Anne never invented herself in the first place. She’s not the only one. Many of us aren’t leading authentic lives. The number one regret of people on their deathbed is that they did not live THEIR dreams. Don’t let that be you. If you find yourself leading a life full of shoulds and obligations—someone else’s dream for you—take heart. Doing something you love for just a couple of hours a week can significantly improve your life. Like steering a ship slightly to the right, over time you’ll arrive at the destination YOU desire.

2. Chasing Security

“In this world nothing can be said to be certain, except death and taxes.” ~  Benjamin Franklin

According to the Merriam-Webster dictionary, security is “the state of being protected or safe from harm.” The problem with chasing security is that there is no such thing, and if you trade your soul for it, you pay a big price. I have a friend who’s buying a house with a woman he doesn’t love, who treats him badly, for “security’s sake.” Another friend is applying for work way beneath her potential to collect a steady paycheck, even though the last time she did so her job made her sick and it took her out of the job market for several months.
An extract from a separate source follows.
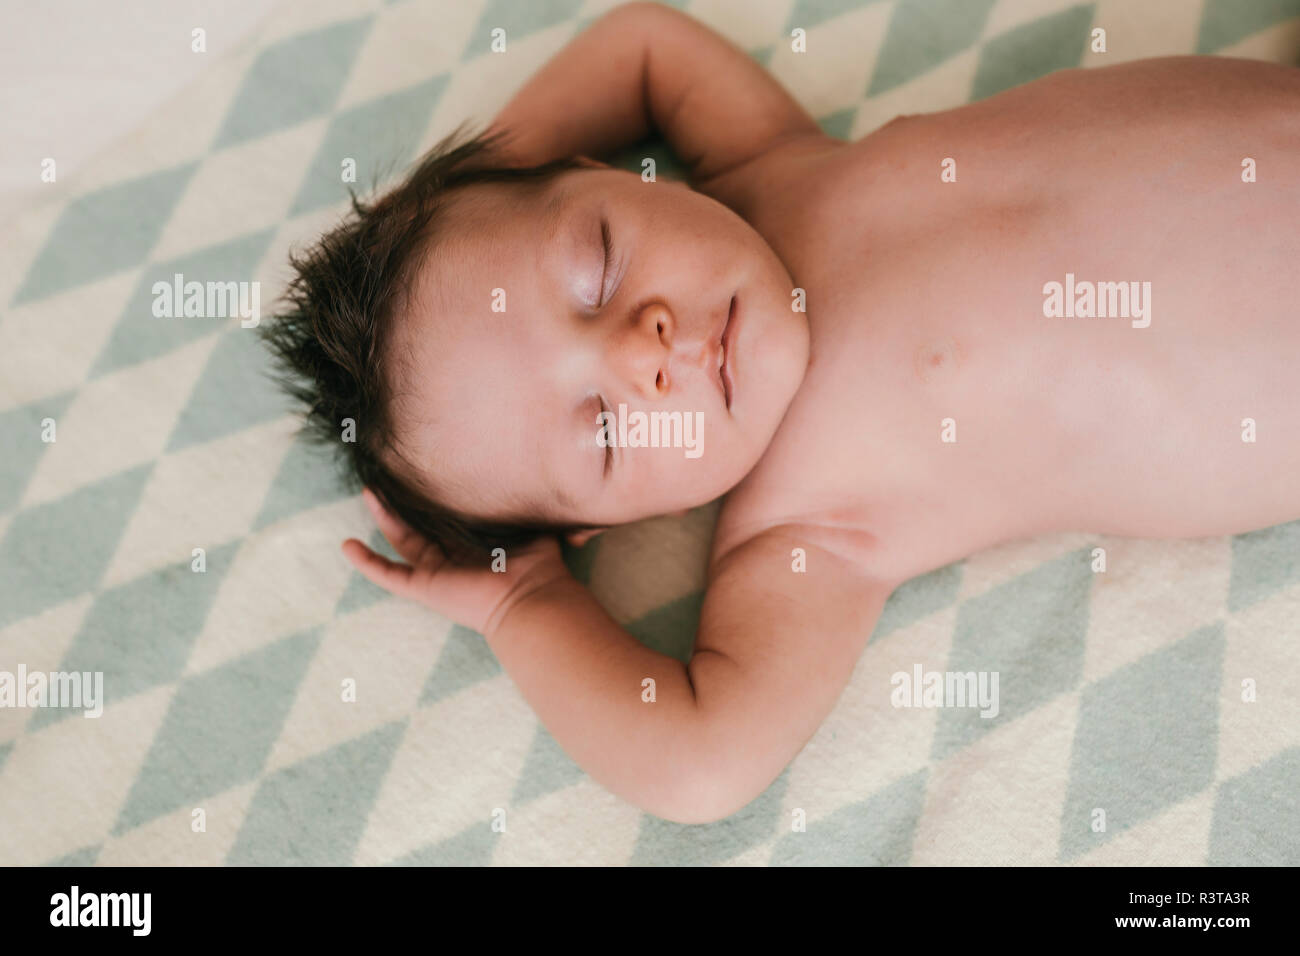 Portrait of a newborn baby boy lying on a blanket with closed eyes Stock Photo

The truth is that fear of change and staying in our comfort zones stunts our growth. Each of us has a unique purpose in life. Most of us don’t realize it, though, because we’ve been pressured to conform to someone else’s idea of who we should be. Stretch yourself and take a risk if you want to find out what makes your heart sing.

3. Chasing Money

“Chase your passions and money will come. Chase money and you may never find your passions.” ~ Colin Wright

We all need to make ends meet, but beyond that, chasing after the green stuff doesn’t make us happier.

“Rachel” took my creativity workshop after she’d made a bundle working at Apple and felt absolutely empty. A buddhist priest friend of mine told me he gets most of his donations to build orphanages in third world countries from wealthy people who feel like their lives are meaningless otherwise.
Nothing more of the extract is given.